** PROVIDED MATERIAL follows **

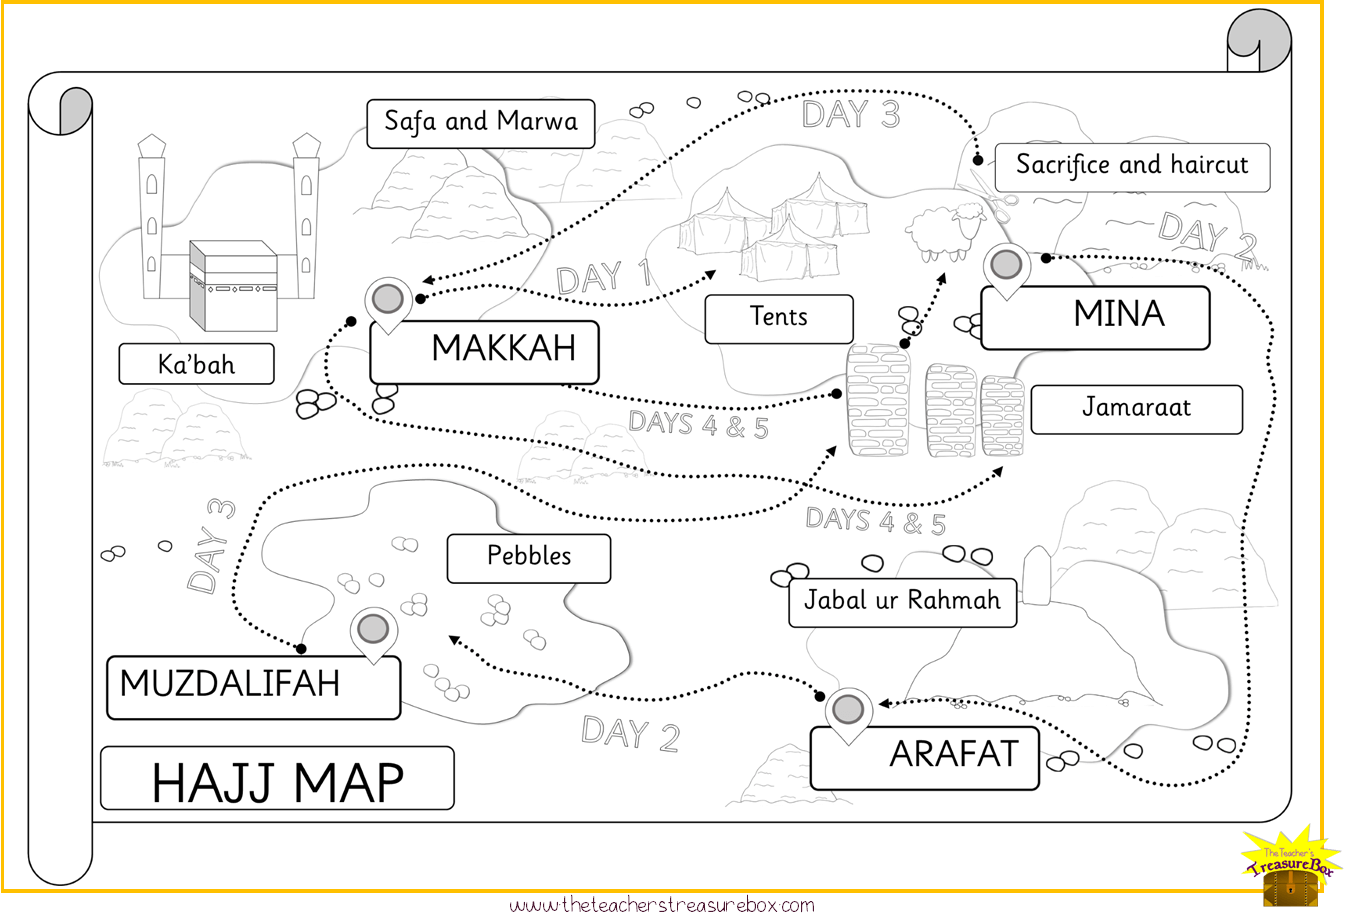 Hajj Map in Black and White
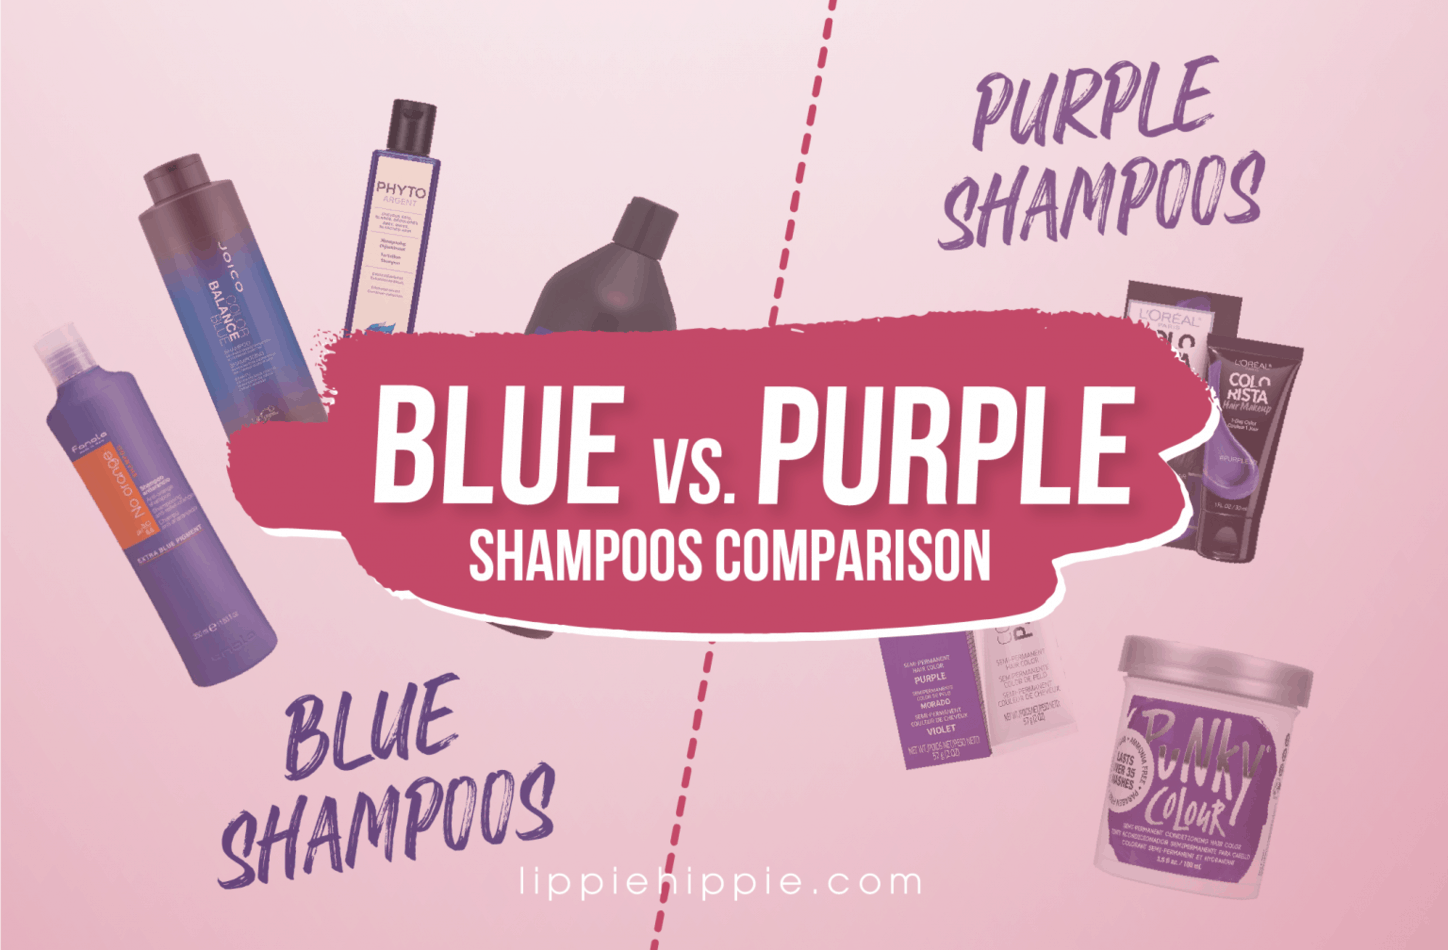 8. "Blue Shampoo vs Purple Shampoo: Which is Better for Damaged Hair?" - wide 10
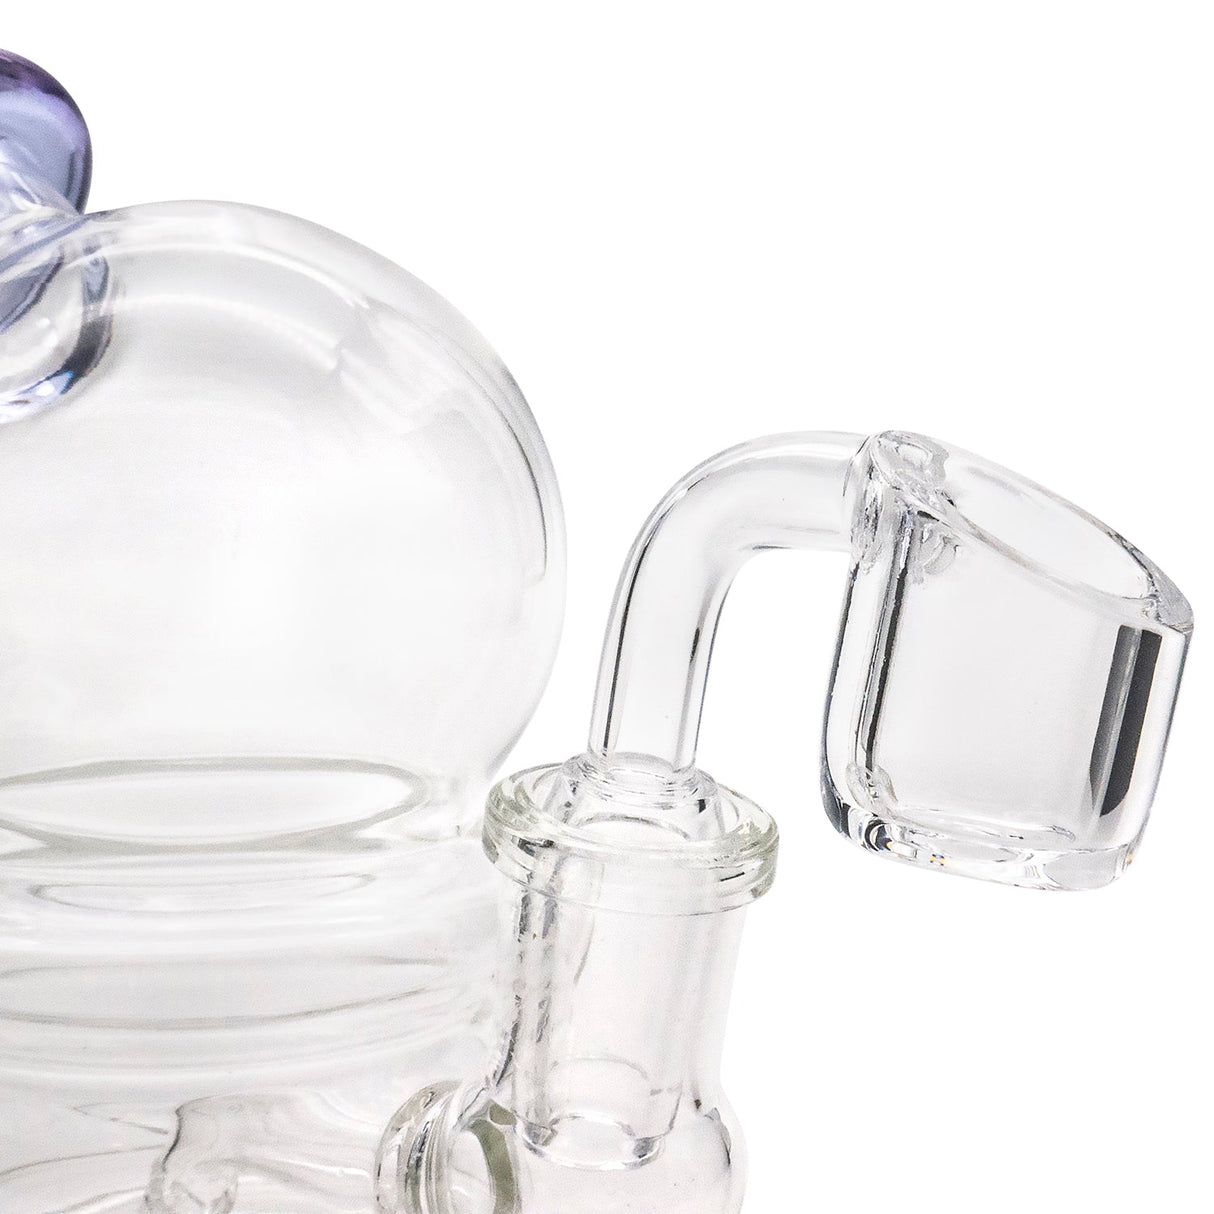 Glassic Compact Globe Banger Hanger Dab Rig close-up, 90 Degree 14mm Female Joint
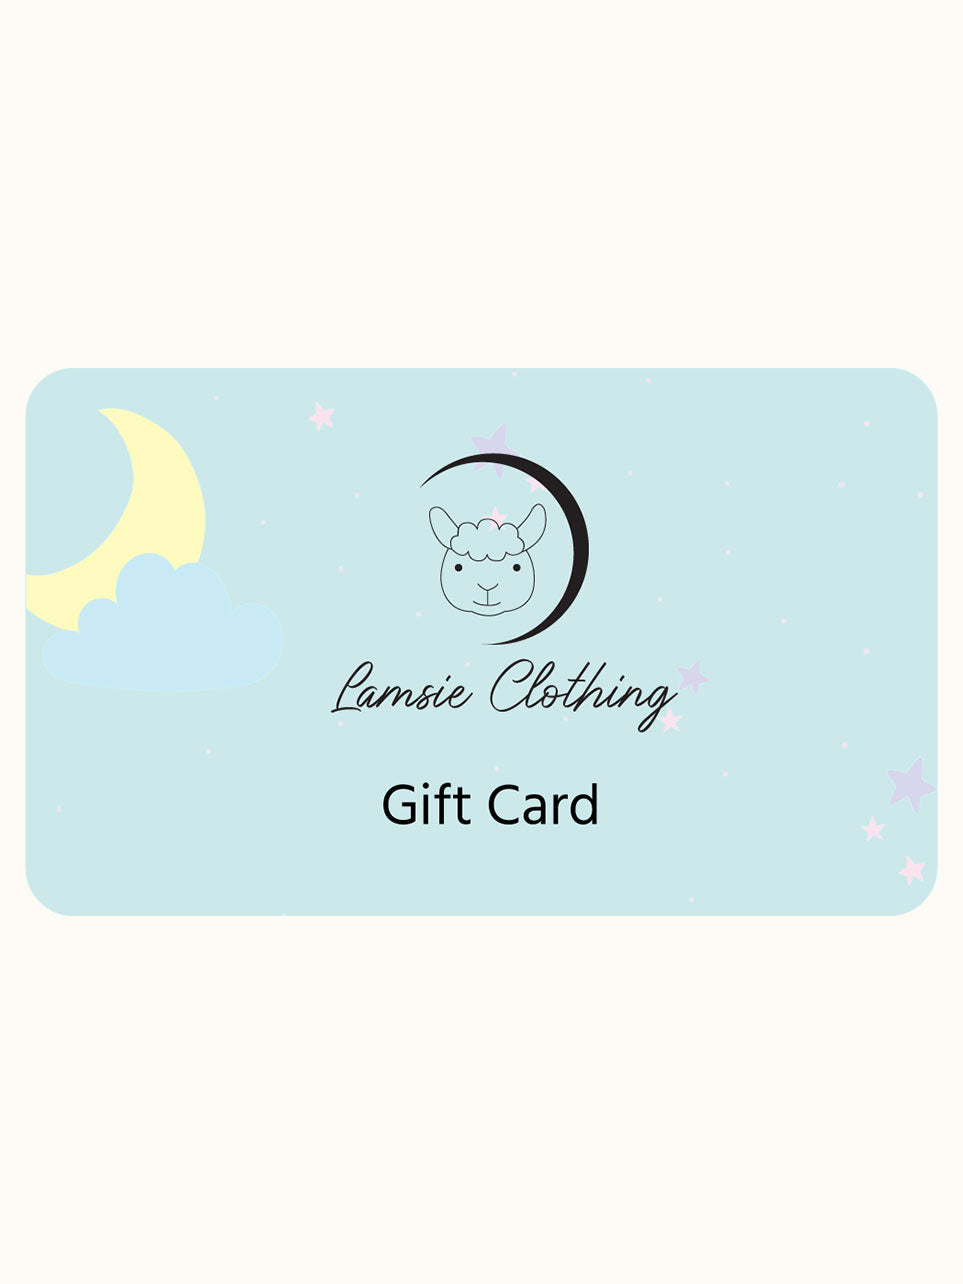 Lamsie Clothing Gift Card

** End of PROVIDED MATERIAL **

Every line above is to be repeated exactly, but no picture is to appear in the copy.

 Hajj Map in Black and White
 8. "Blue Shampoo vs Purple Shampoo: Which is Better for Damaged Hair?" - wide 10
 Glassic Compact Globe Banger Hanger Dab Rig close-up, 90 Degree 14mm Female Joint
 Lamsie Clothing Gift Card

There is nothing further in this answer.